Re: [PATCH] net: page_pool: fix refcounting issues with fragmented allocation

From: Alexander Duyck
Date: Thu Jan 26 2023 - 10:41:35 EST


On Thu, Jan 26, 2023 at 2:32 AM Ilias Apalodimas
<ilias.apalodimas@xxxxxxxxxx> wrote:
>
> Hi Alexander,
>
> Sorry for being late to the party, was overloaded...
>
> On Tue, Jan 24, 2023 at 07:57:35AM -0800, Alexander H Duyck wrote:
> > On Tue, 2023-01-24 at 16:11 +0200, Ilias Apalodimas wrote:
> > > Hi Felix,
> > >
> > > ++cc Alexander and Yunsheng.
> > >
> > > Thanks for the report
> > >
> > > On Tue, 24 Jan 2023 at 14:43, Felix Fietkau <nbd@xxxxxxxx> wrote:
> > > >
> > > > While testing fragmented page_pool allocation in the mt76 driver, I was able
> > > > to reliably trigger page refcount underflow issues, which did not occur with
> > > > full-page page_pool allocation.
> > > > It appears to me, that handling refcounting in two separate counters
> > > > (page->pp_frag_count and page refcount) is racy when page refcount gets
> > > > incremented by code dealing with skb fragments directly, and
> > > > page_pool_return_skb_page is called multiple times for the same fragment.
> > > >
> > > > Dropping page->pp_frag_count and relying entirely on the page refcount makes
> > > > these underflow issues and crashes go away.
> > > >
> > >
> > > This has been discussed here [1]. TL;DR changing this to page
> > > refcount might blow up in other colorful ways. Can we look closer and
> > > figure out why the underflow happens?
> > >
> > > [1] https://lore.kernel.org/netdev/1625903002-31619-4-git-send-email-linyunsheng@xxxxxxxxxx/
> > >
> > > Thanks
> > > /Ilias
> > >
> > >
> >
> > The logic should be safe in terms of the page pool itself as it should
> > be holding one reference to the page while the pp_frag_count is non-
> > zero. That one reference is what keeps the two halfs in sync as the
> > page shouldn't be able to be freed until we exhaust the pp_frag_count.
>
> Do you remember why we decided to go with the fragment counter instead of
> page references?

The issue has to do with when to destroy the mappings. Basically with
the fragment counter we destroy the mappings and remove the page from
the pool when the count hits 0. The reference count is really used for
the page allocator to do its tracking.

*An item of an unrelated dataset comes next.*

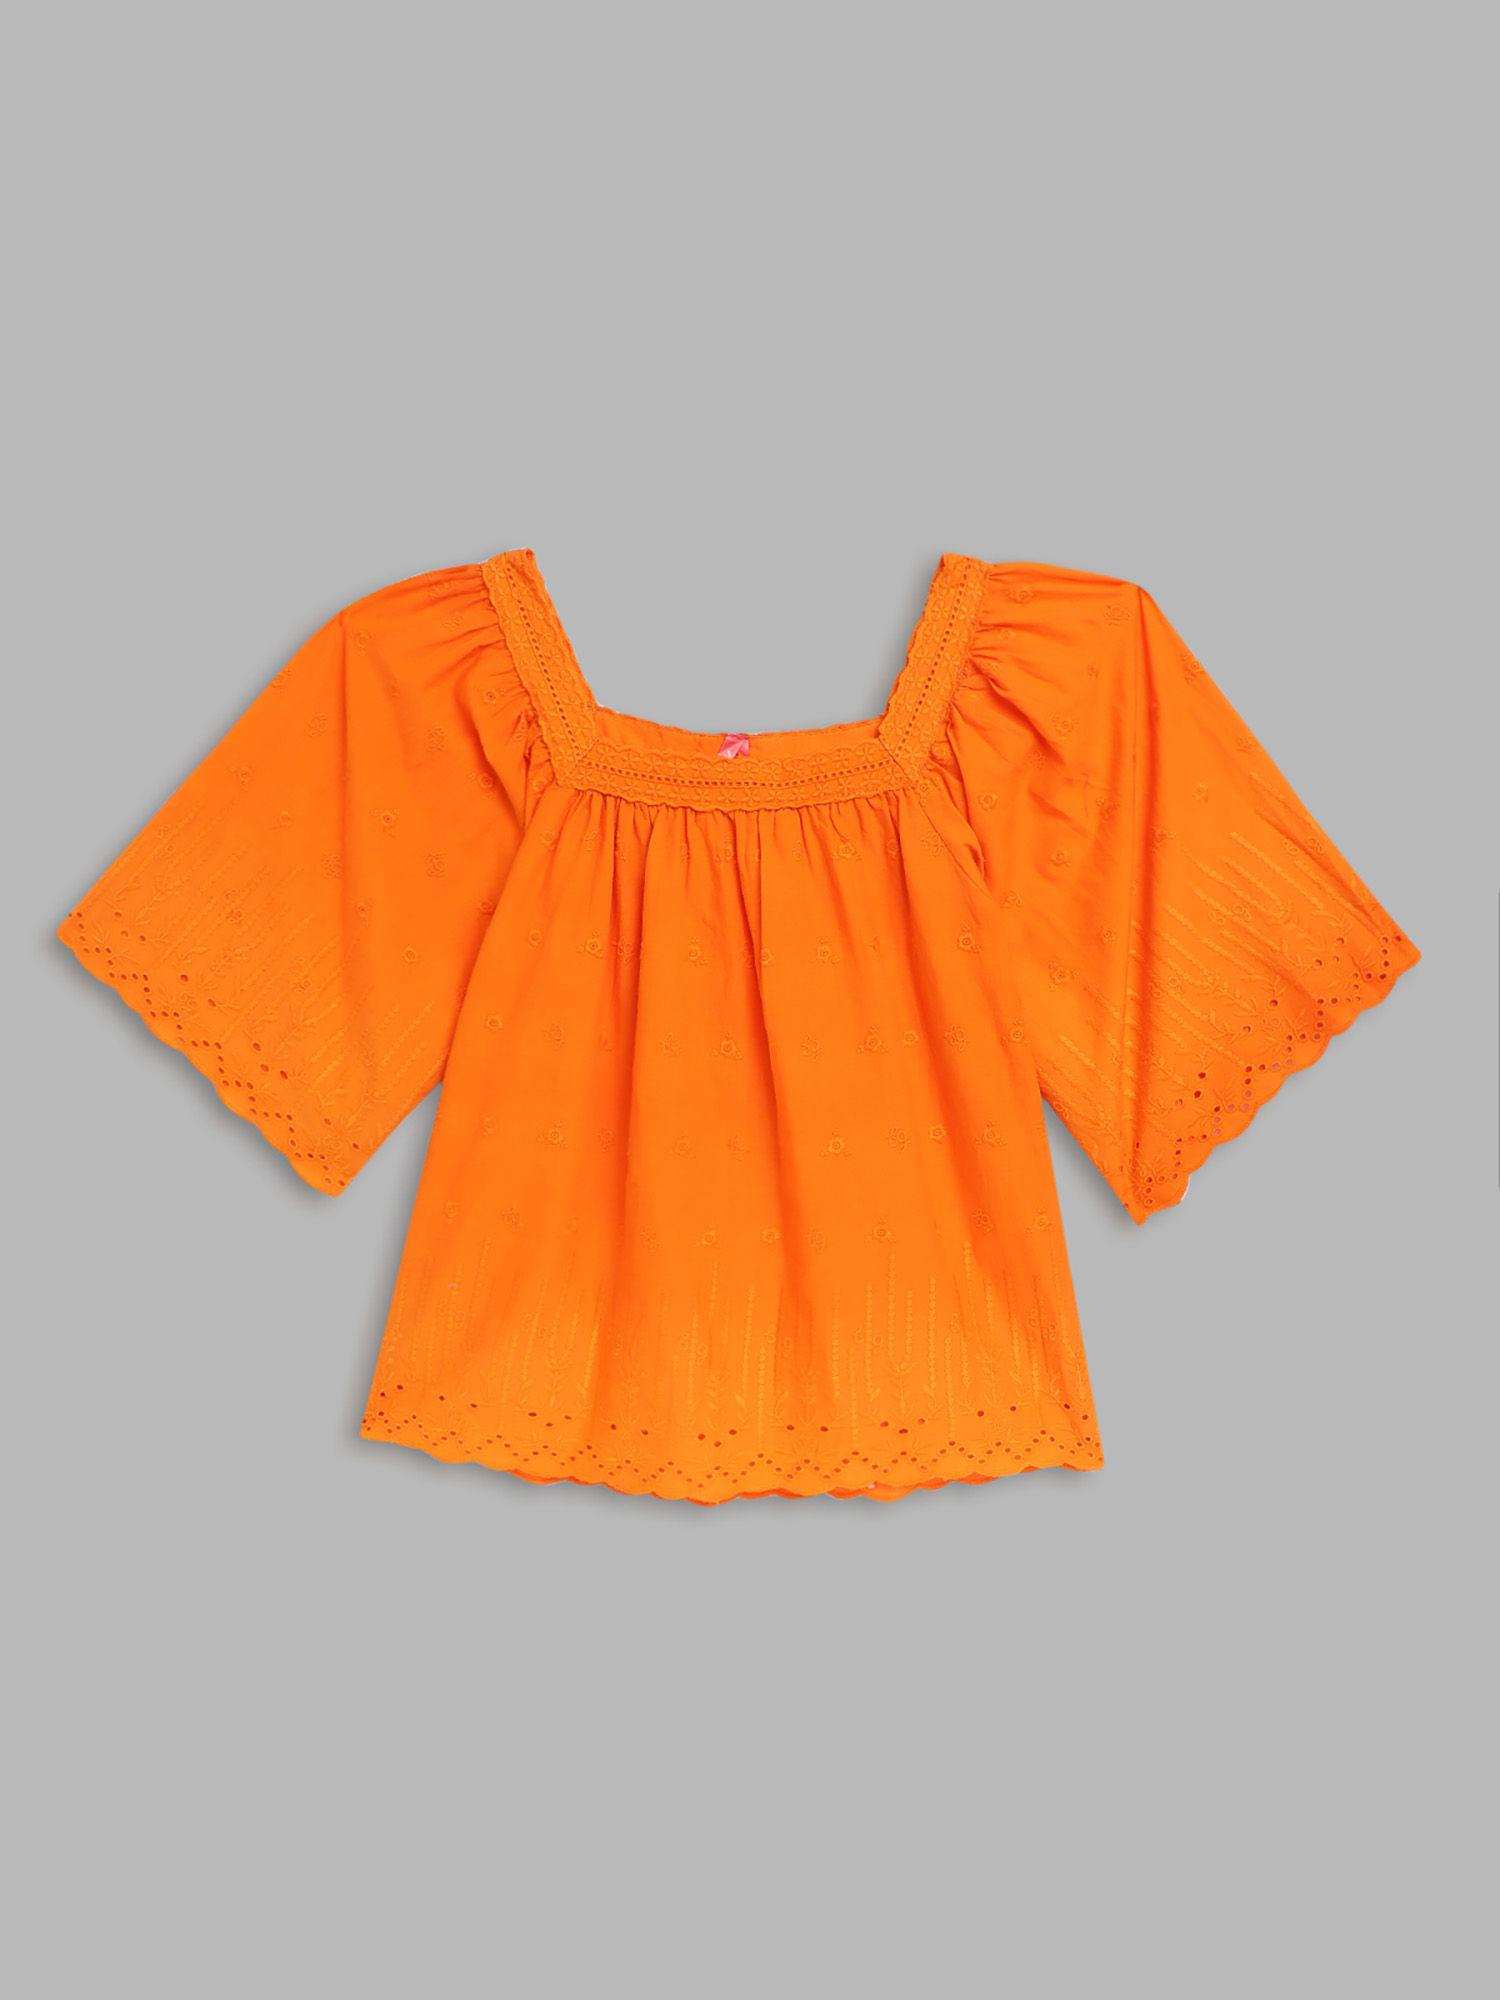 girls orange embroidered top

If we end up trying to merge
the two the problem becomes one of lifetimes as we wouldn't know when
to destroy the DMA mappings as they would have to live the full life
of the page.

> >
> > To have an underflow there are two possible scenarios. One is that
> > either put_page or free_page is being called somewhere that the
> > page_pool freeing functions should be used.
>
> Wouldn't that affect the non fragmented path as well? IOW the driver that
> works with a full page would crash as well.

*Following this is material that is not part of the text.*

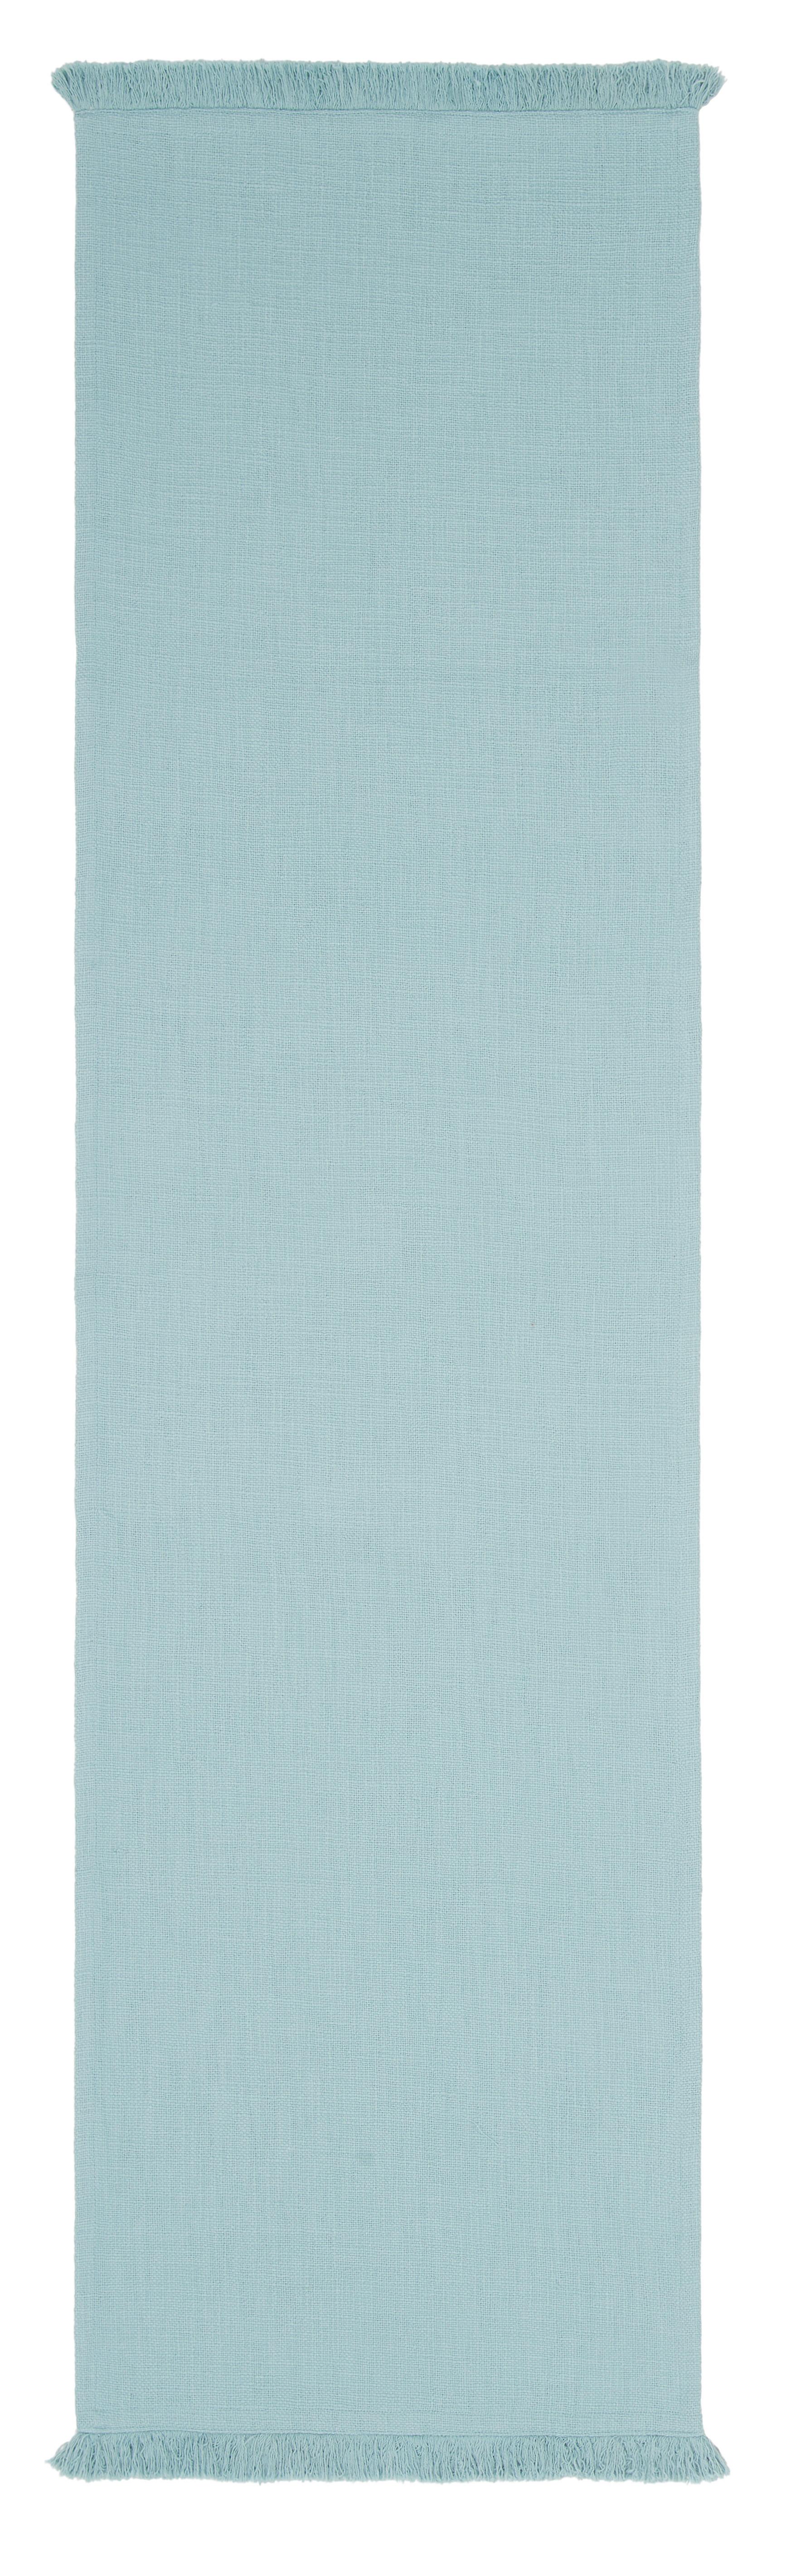 Nadprt Pablo - modra, Moderno, tekstil (45/170cm) - Premium Living

The problem is the non-fragmented path doesn't get as noisy. Also
there aren't currently any wireless drivers making use of the page
pool, or at least that is my understanding. I'm suspecting something
like the issue we saw in 1effe8ca4e34c ("skbuff: fix coalescing for
page_pool fragment recycling"). We likely have some corner case where
we should be taking a page reference and clearing a pp_recycle flag.